#### [Assigned task]
Skip the pictures and give back the rest of the listing exactly.

Source material Block Start

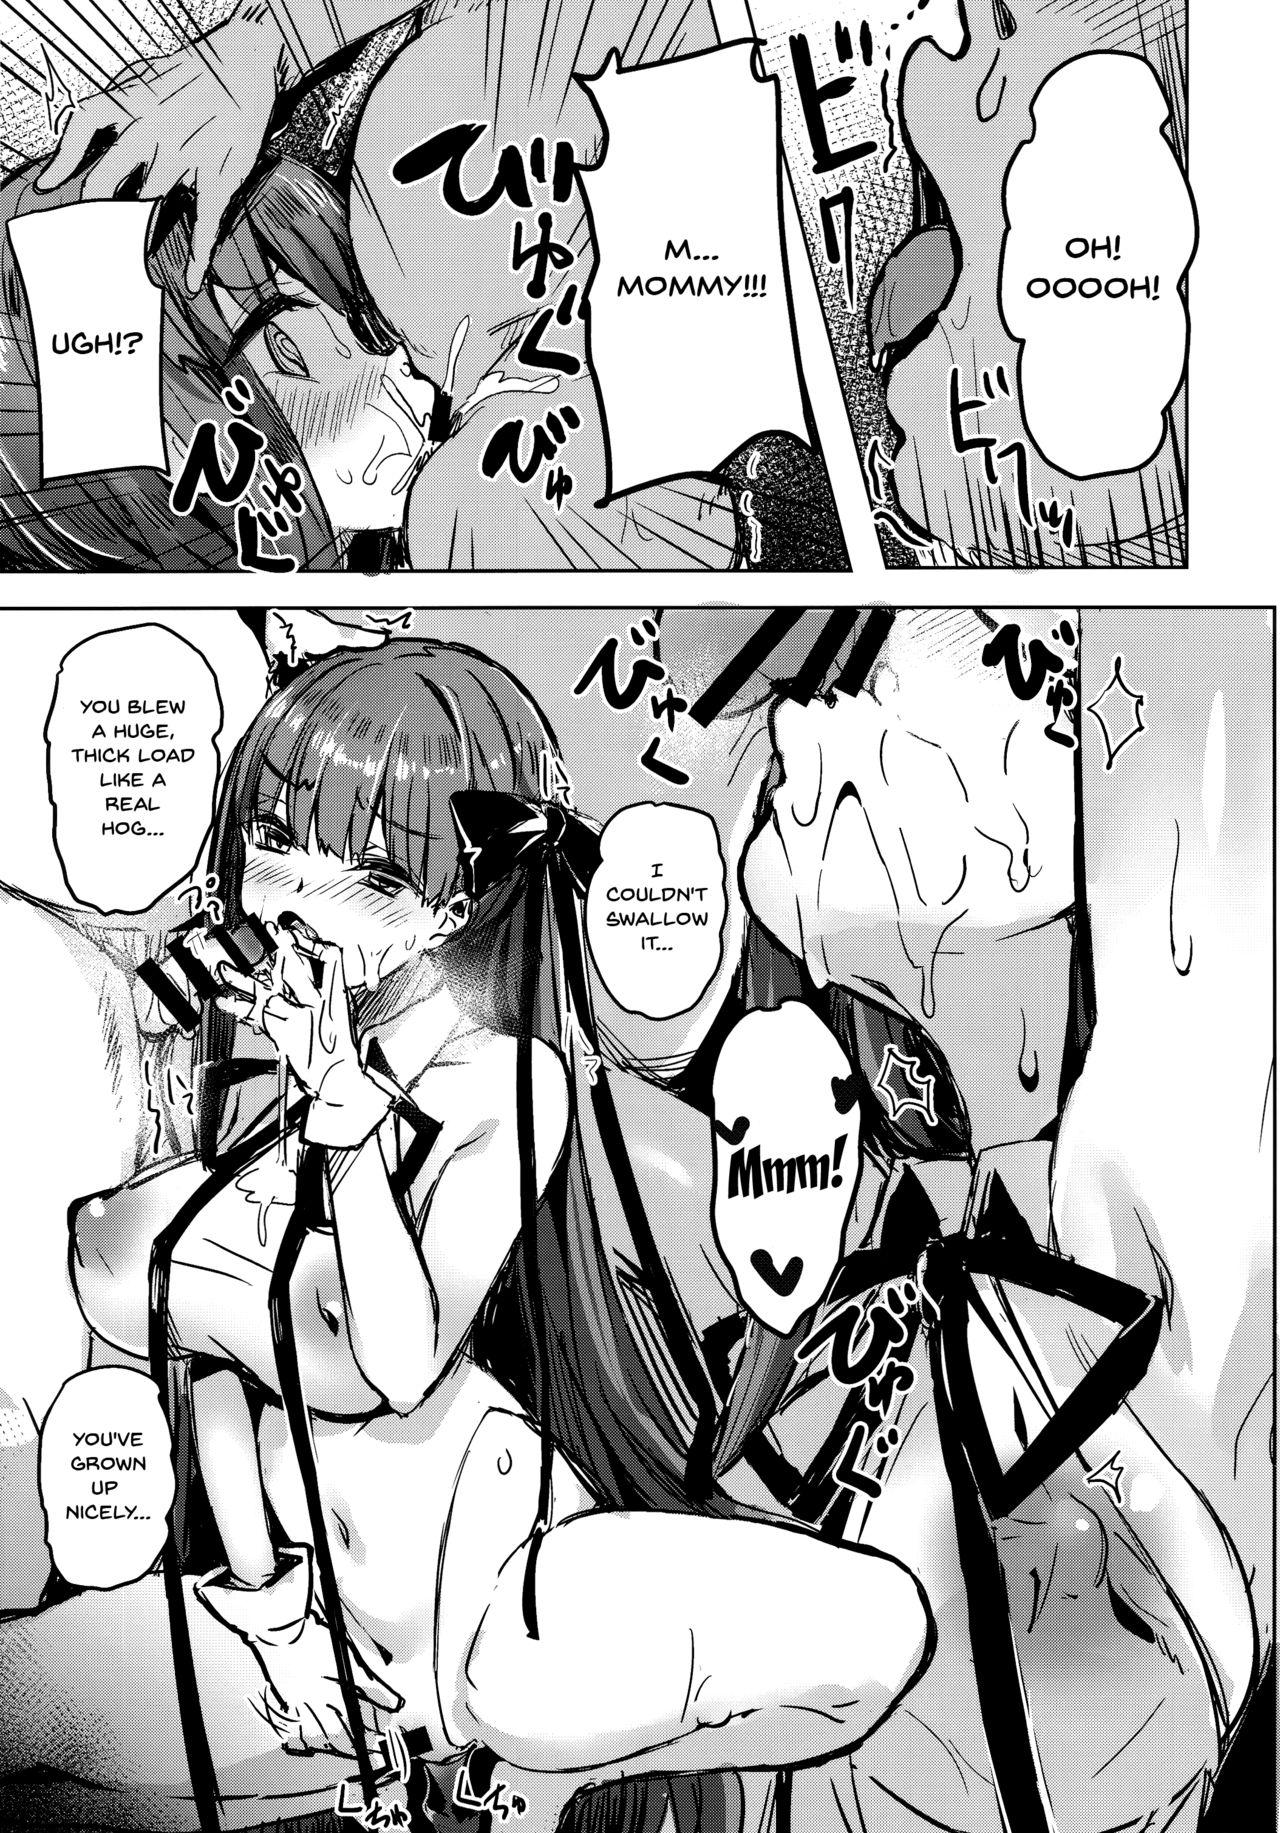 Curious BB mama to ko buta-san | Mommy BB and Little Piggy - Fate grand order Gay Longhair - Page 10
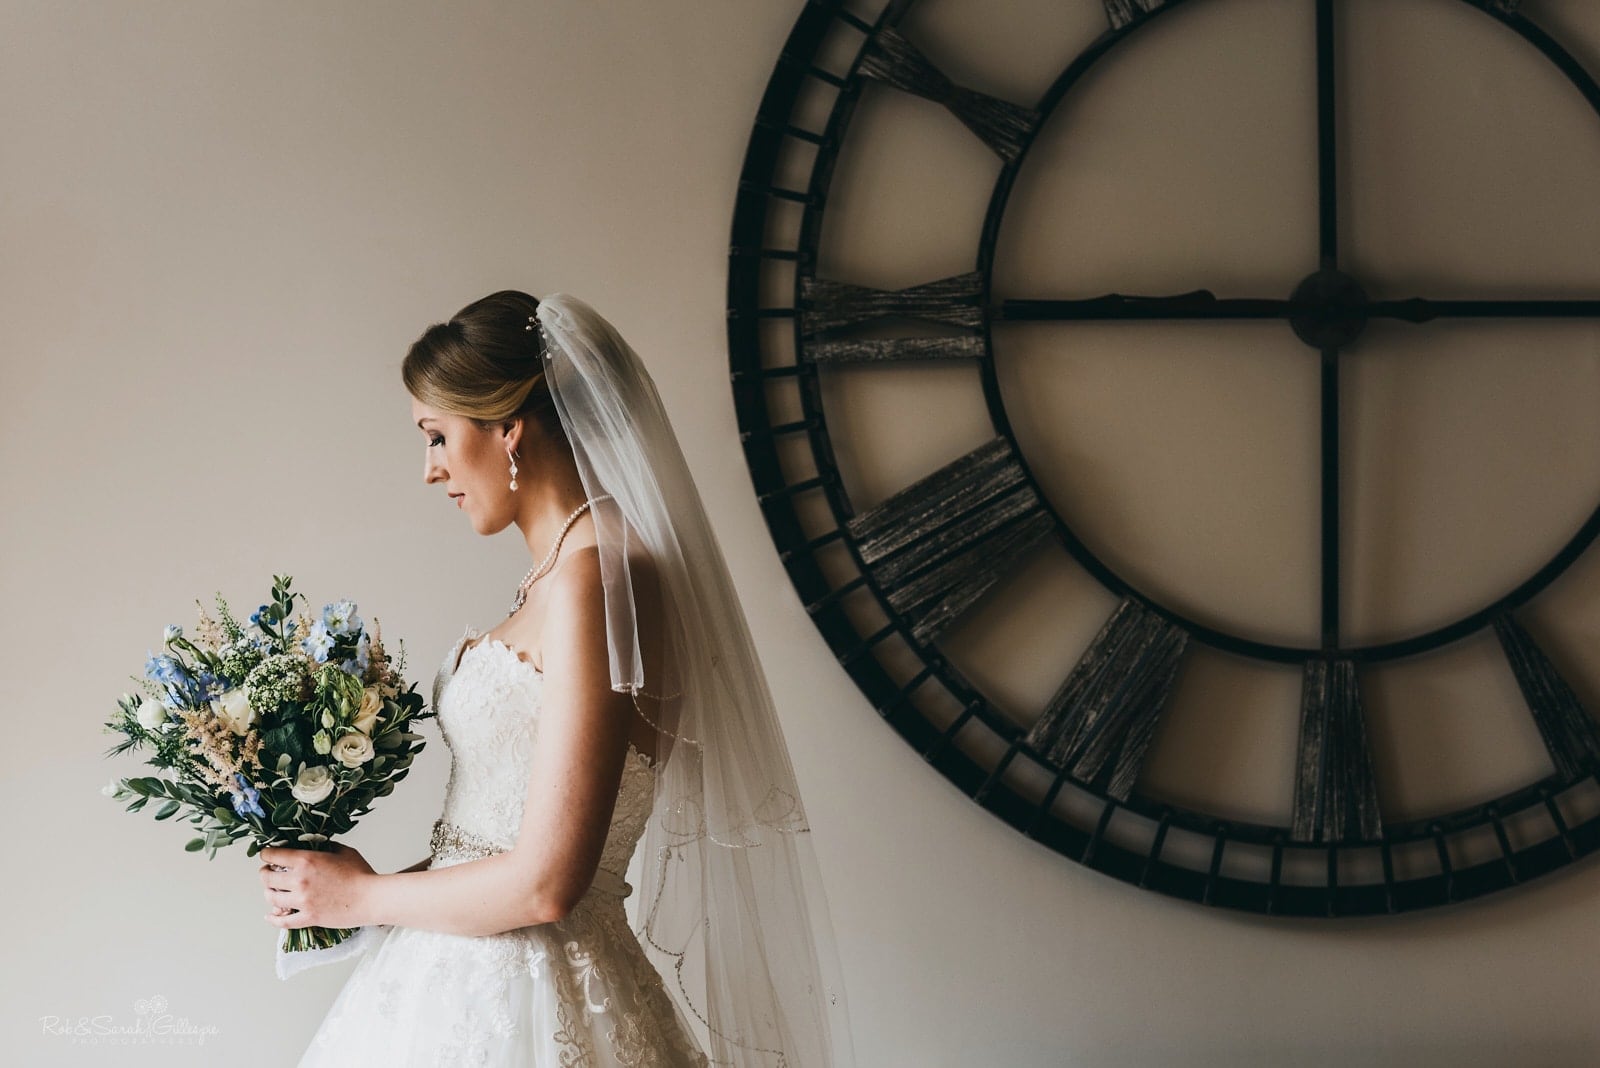 Bride portrait with large clock on wall
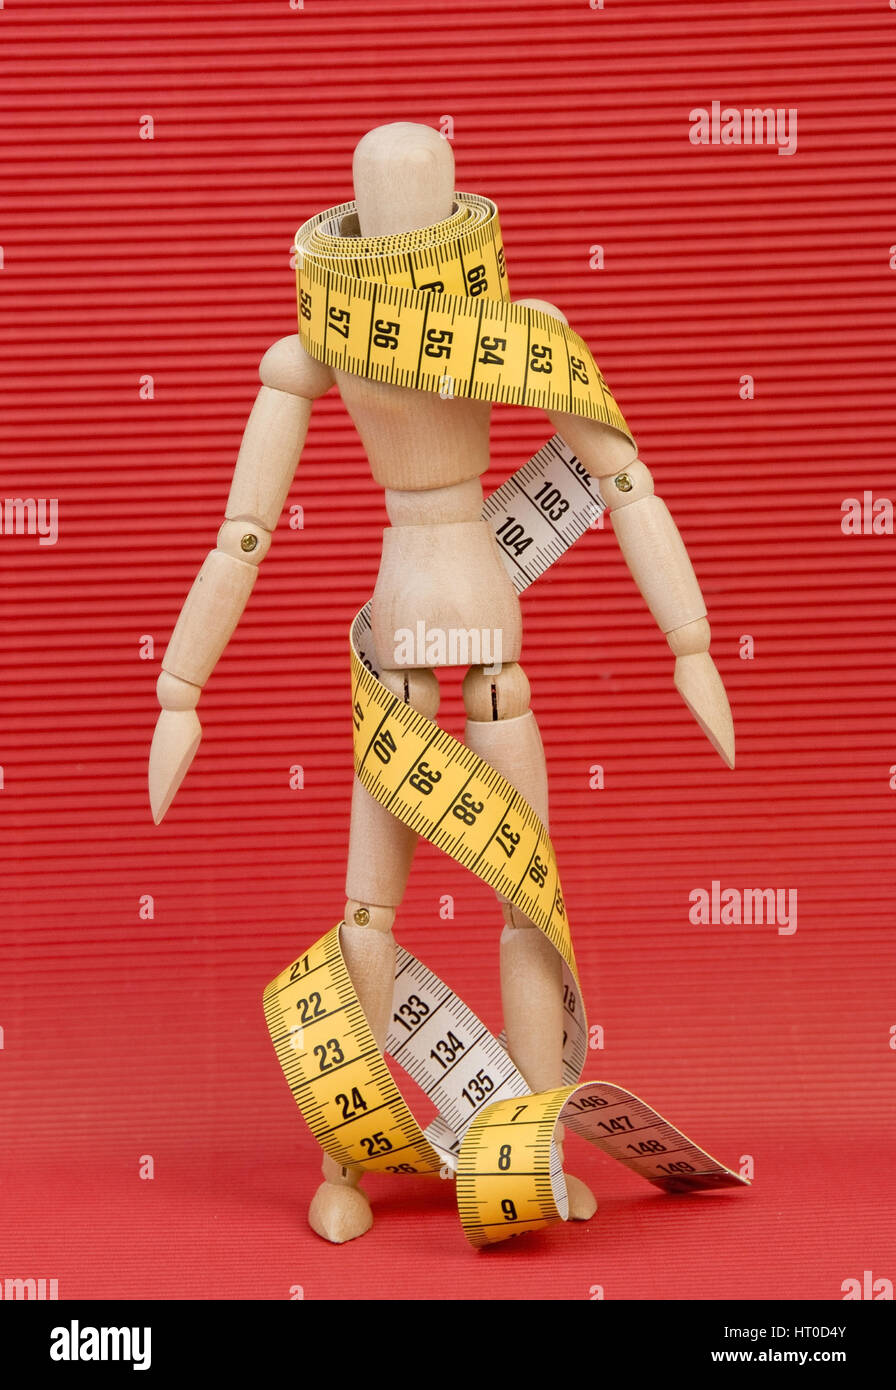 Gliederpuppe mit Ma?band umwickelt - jointed doll wound in a measuring tape Stock Photo

Source material Block End

#### [Result below]
 Curious BB mama to ko buta-san | Mommy BB and Little Piggy - Fate grand order Gay Longhair - Page 10
 Bride portrait with large clock on wall
 Gliederpuppe mit Ma?band umwickelt - jointed doll wound in a measuring tape Stock Photo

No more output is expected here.